In rebuilding the cluster, I see that all nodes show as Nodegroup 0 before the cluster is brought up.  So this bug simplifies to the errors when bringing up the cluster.  They claim to be temporary, but happen every time.

Hi,

Reading your cluster log I made the following conclustions:

* system restart fails as you dont start all 4 nodes fast enough...
With default setting you have 30s for allowing nodes to get in contact with each other.

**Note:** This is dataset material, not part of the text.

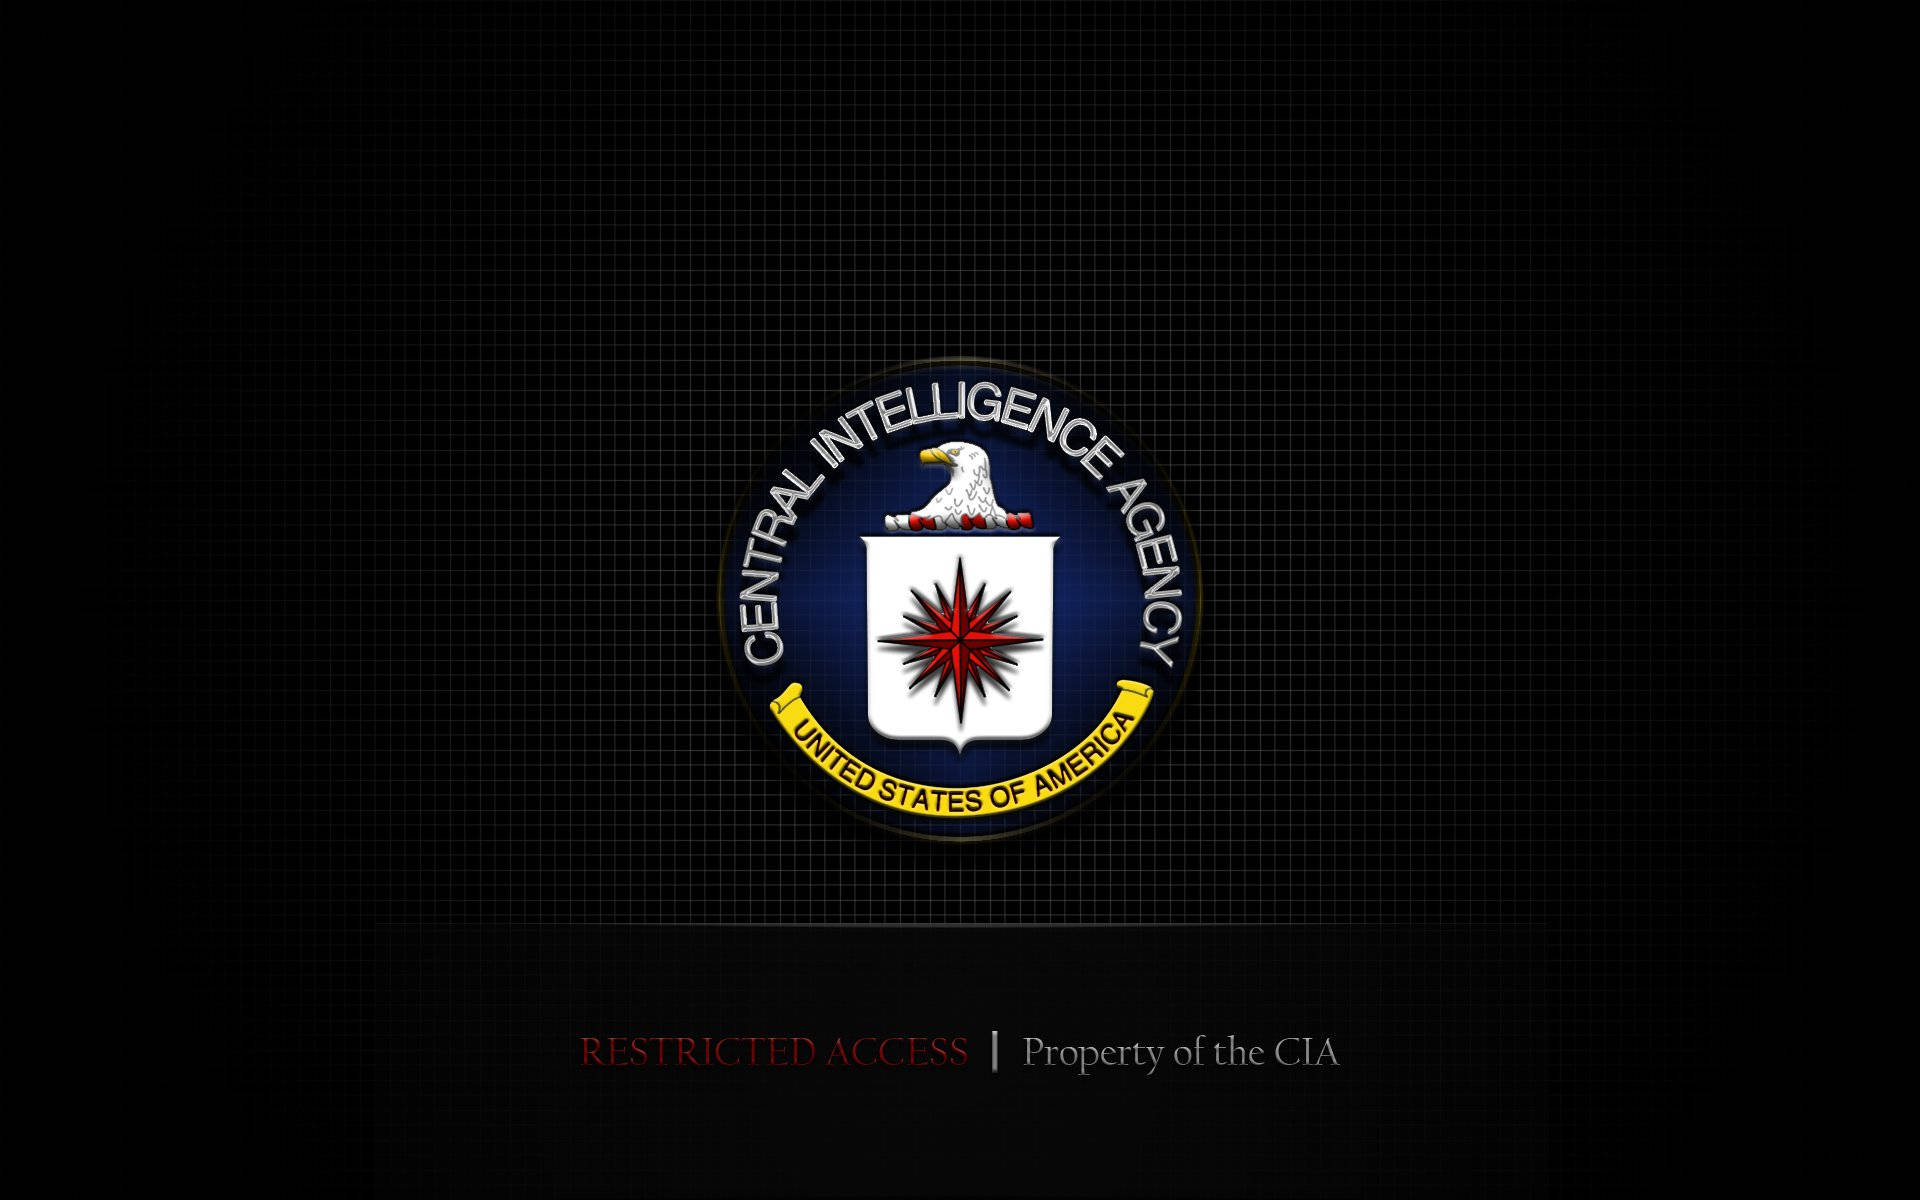 Cia Logo Restricted Access Wallpaper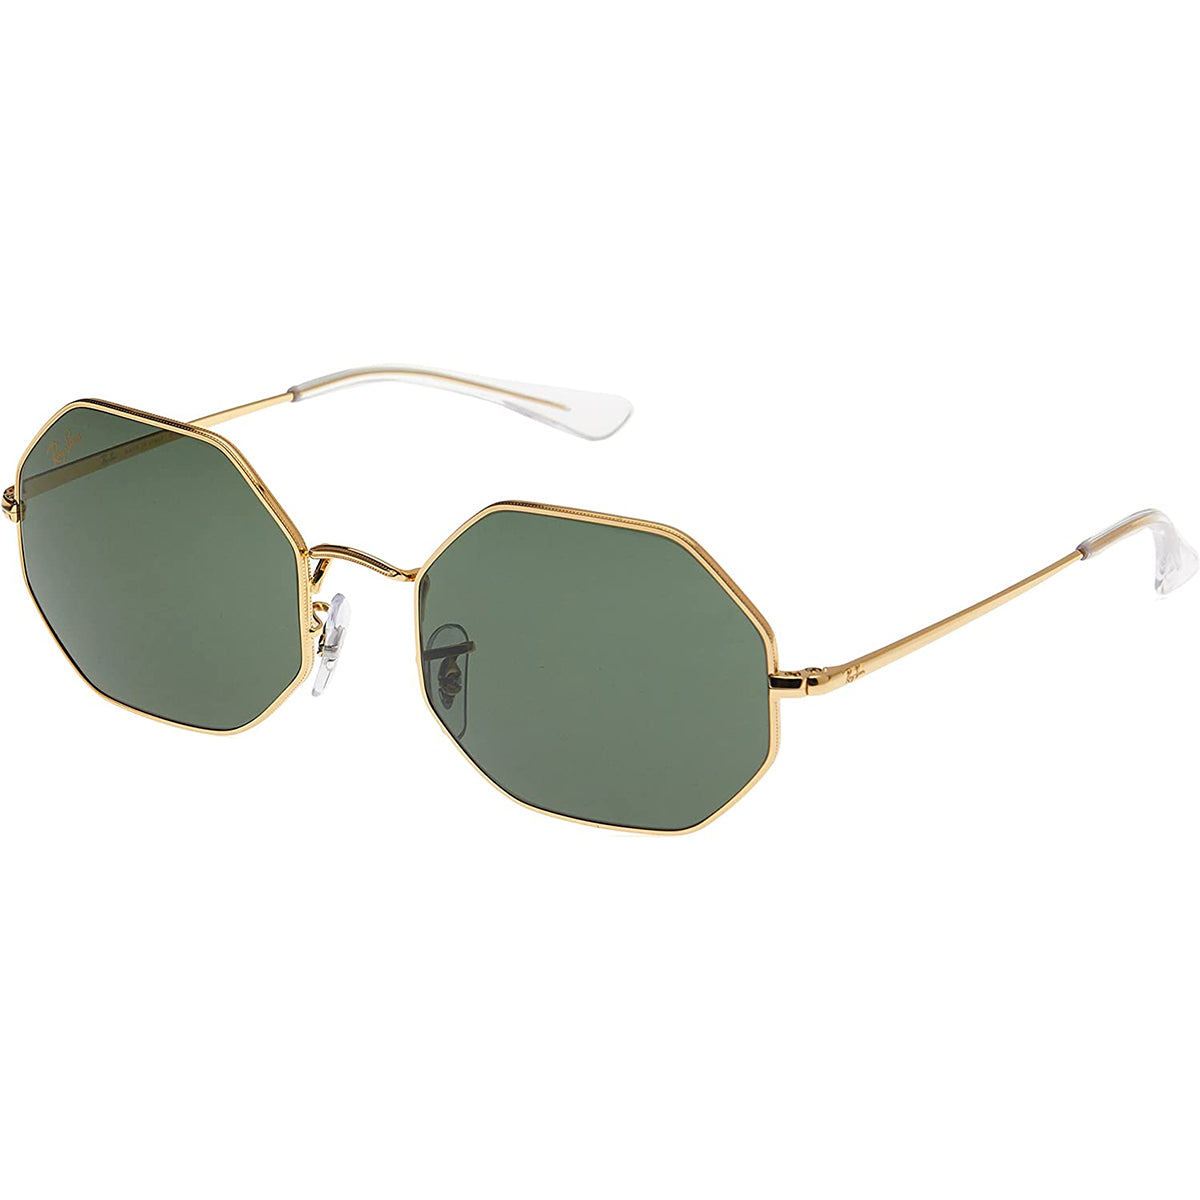 Ray-Ban Octagon 1972 Legend Gold Adult Wireframe Sunglasses-0RB1972

Otherwise: As stated in ndb_1_error.log
--
Time: Wednesday 13 September 2006 - 00:38:07
Status: Temporary error, restart node
Message: Conflict when selecting restart type (Internal error, programming error or missing error message, please report a bug)
Error: 2311
Error data: Unable to start missing node group!  starting: 0000000000000006 (missing fs for: 0000000000000000)
Error object: QMGR (Line: 1356) 0x0000000a
Program: /usr/local/mysql/bin/ndbd
Pid: 24521
Trace: /usr/local/mysql/data/ndb_1_trace.log.2
Version: Version 5.0.24
***EO
--

This means that node 1 & 2 has connected...but an entire node group is 
 missing, as indicated by 
"Error data: Unable to start missing node group!  starting: 0000000000000006"

Please respond to wheater this can be a correct conclusion.
(Note if performing initial start, this timeout is unlimited...)

/Jonas

No feedback was provided for this bug for over a month, so it is
being suspended automatically. If you are able to provide the
information that was originally requested, please do so and change
the status of the bug back to "Open".